Obama and Clinton had very similar speeches. Clinton's reasons for action were to protect innocent people, to prevent war, for peace, and to give people their freedom, which are pretty much the same as Obama's. Both men are trying to get the U.S. to back foreign intervention by appealing to citizen's emotions and sympathy. They both place an emphasis on haste of action as well. Clinton says that "ending this tragedy is a moral imperative" and Obama says that we cannot "turn a blind eye to these atrocities," both appealing to a moral obligation we should feel for other freedom (which is an appropriate way to make our selfish selves feel guilty). Basically, the overall reason for action in both cases is not because it is necessarily in our interest, or going to benefit us in any way, but rather to assure the same rights and freedoms that we enjoy to those around the world.

Obama's speech was far too specific to be a doctrine.

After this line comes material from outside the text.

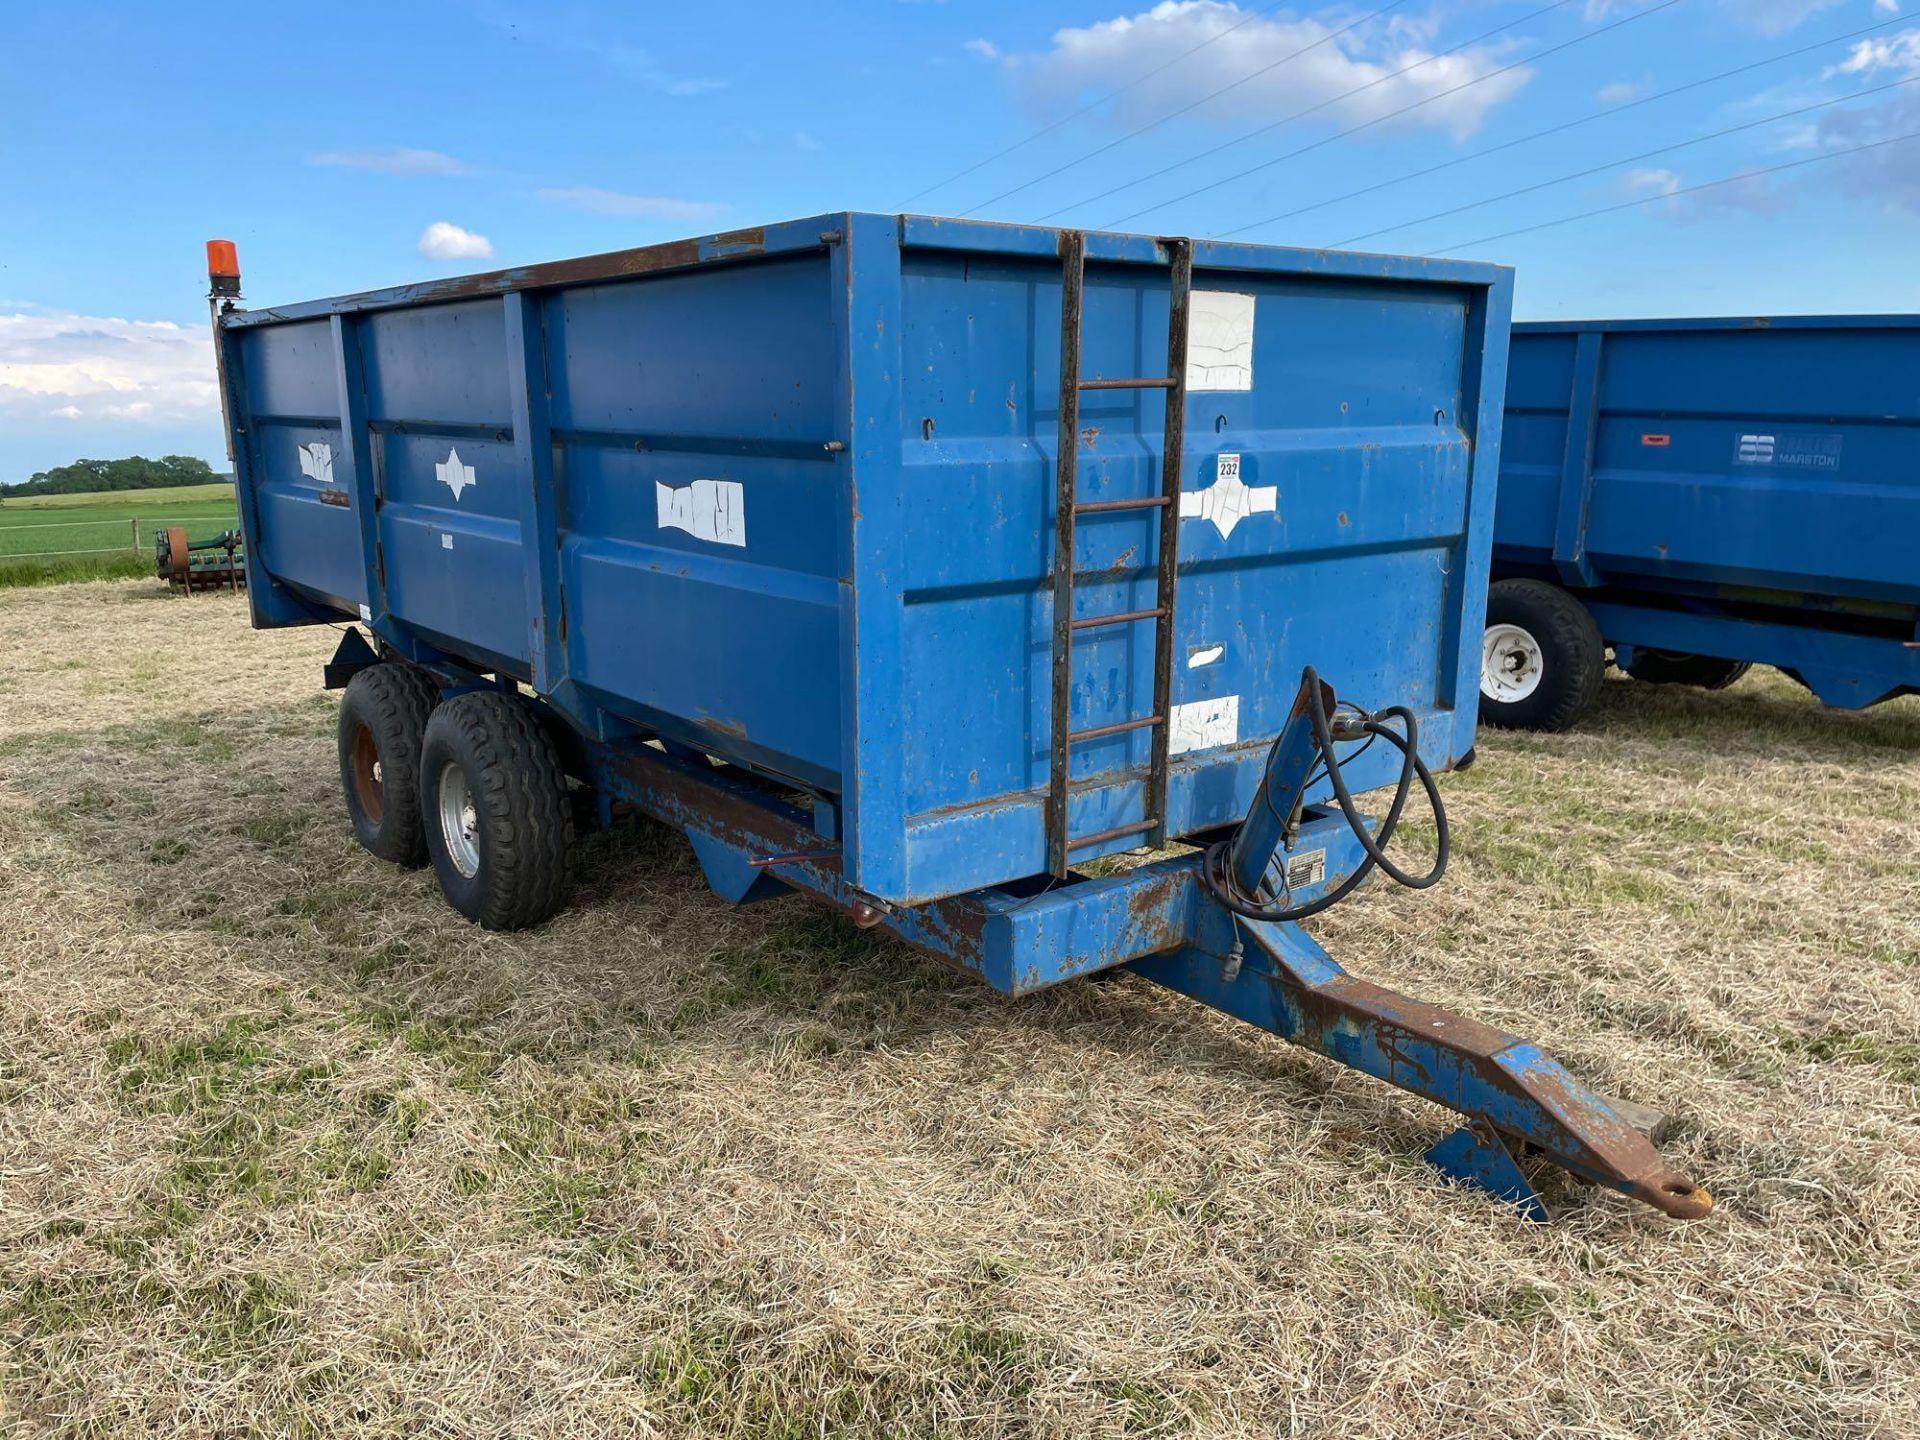 1984 AS Marston 10t twin axle grain trailer, manual tailgate and grain chute on 12./80-15.30 wheels

He spoke only of the conflict in Libya and what role we would take there in this particular instance. Obama also put alot of emphasis on the fact that this was an allied attack and that the U.S. would be taking a supporting role by letting NATO and our foreign allies take a more robust stance. By making this address specific enough as to avoid making a doctrine, he is leaving room for interpretation when dealing with other conflicts, such as the ones in Darfur, and the Ivory Coast. The speech was good for setting out our plan in Libya, not in foreign altercations altogether-- or a "recalibration of national military strategy."

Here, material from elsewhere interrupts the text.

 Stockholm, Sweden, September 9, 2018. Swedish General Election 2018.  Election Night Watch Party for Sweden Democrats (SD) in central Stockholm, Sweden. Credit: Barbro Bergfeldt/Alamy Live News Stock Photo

 I think it is smart for Obama to make his military agenda vague, rather than propose a doctrine. By doing so, he creates the ability to make foreign military action unique. Therefore, it is hard to tell what he would have the U.S. do in other situations, and while this middle-grounded approach may be vexing, its not like we have been the bastions of good foreign military intervention so why not leave things up in the air. Obama put an emphasis on the short number of days it took for us to achieve our goals in Libya (31 to be exact), which perhaps foreshadows his desire to act fast, or faster than we have in the past, when dealing with foreign conflicts. And while there are many other conflicts going on internationally (Ivory Coast, Yemen, Syria) we cannot act on all of these and do an efficient job, so presidential discretion on which are the most threatening/important must be implemented.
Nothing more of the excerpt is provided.